Productivity decline: When employees start BYOD, they will spend a lot of time on social network, chatting with friends or do other things unrelated to work. How to solve this problem? Since many devices are connected to operator’s mobile communication network, in which case the employees feel that their equipment is not bound by corporate policy. In order to avoid this situation, you should require employees’ mobile devices switch into WiFi network provided by the enterprise when entering company. 

Insufficient bandwidth: Many companies have been concerned about this problem. Most companies believe that the enterprise network bandwidth demands will be dropped after the use of BYOD, which is a big mistake. One of the advantages of BYOD is that employees also can use the mobile operator’s network networking to work when going out, but when they returned to the office, they are likely to connect desktop and their mobile devices to the corporate network, thereby increasing the burden on the enterprise network access bandwidth. Therefore, companies need to ensure that their network access bandwidth has sufficient load-bearing capacity.

Device Management: Many companies are asking how to manage a large number of mobile devices.

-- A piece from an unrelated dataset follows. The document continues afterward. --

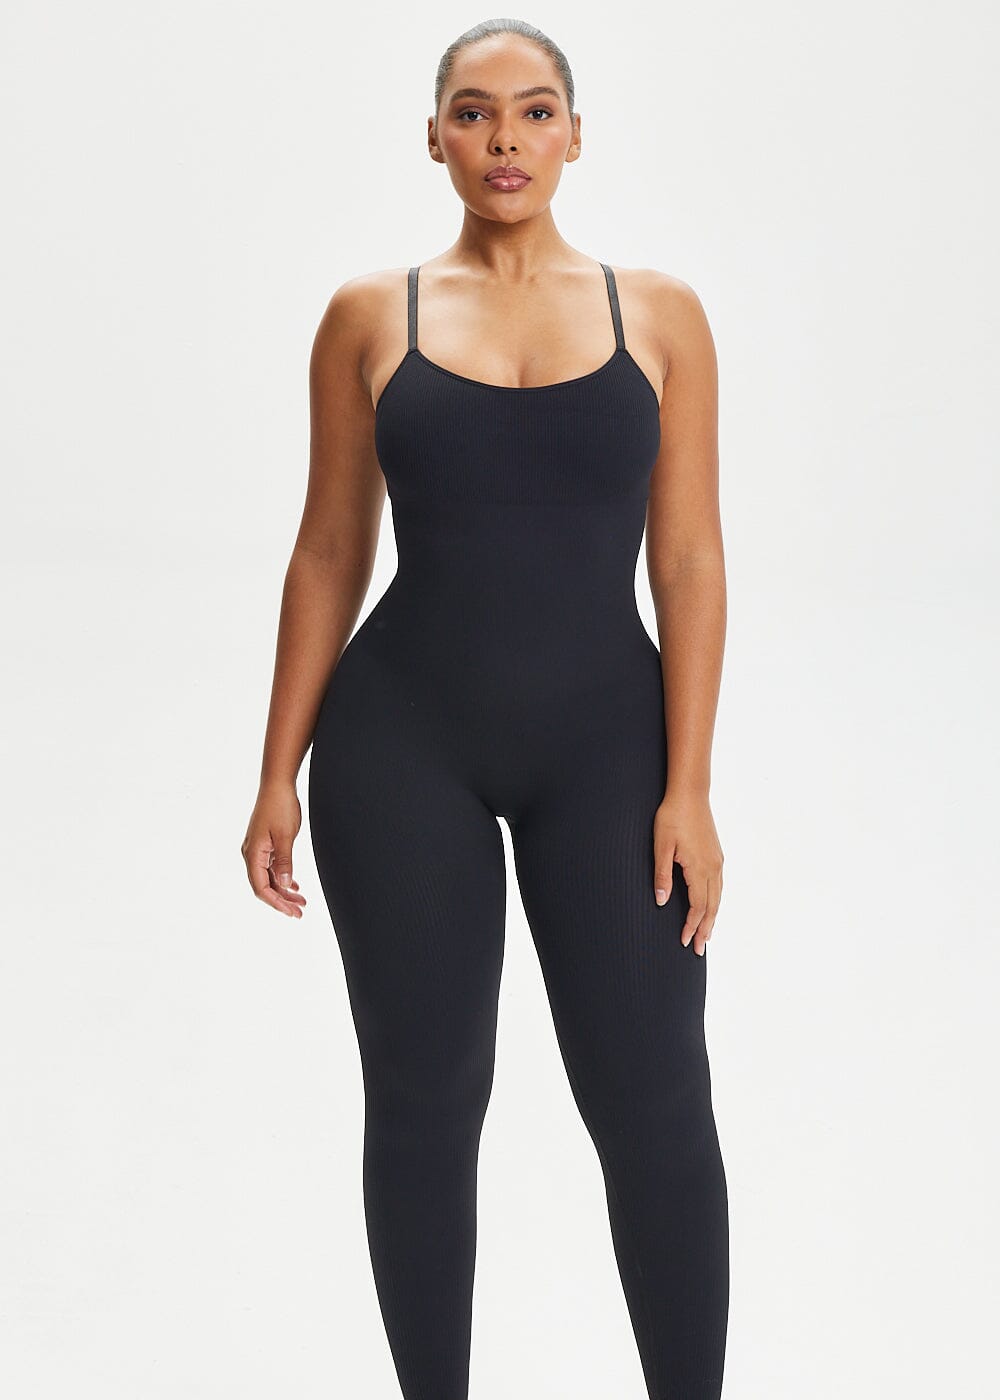 Maternity Black Snatched Rib Bump Support Leggings

Because of the many types of equipment, as well as different operators, companies is difficult to centrally manage all mobile devices. But what companies can do is to establish a set of network access control mechanism (NAC), and to control these devices via MAC address for each mobile device.

Over Autonomy: Once a company implemented a BYOD strategy, which’s equivalent to tell employees and users that businesses gives them a very high autonomy. Of course, this autonomy is likely to be abused by employees or network users. Therefore, even if the enterprises implement BYOD, they should let employees know that it doesn’t mean that they can use their own equipment in any activity. If necessary, you can also require employees to sign BYOD agreement confirming that they understand their mobile devices use behaviors in the enterprise are limited.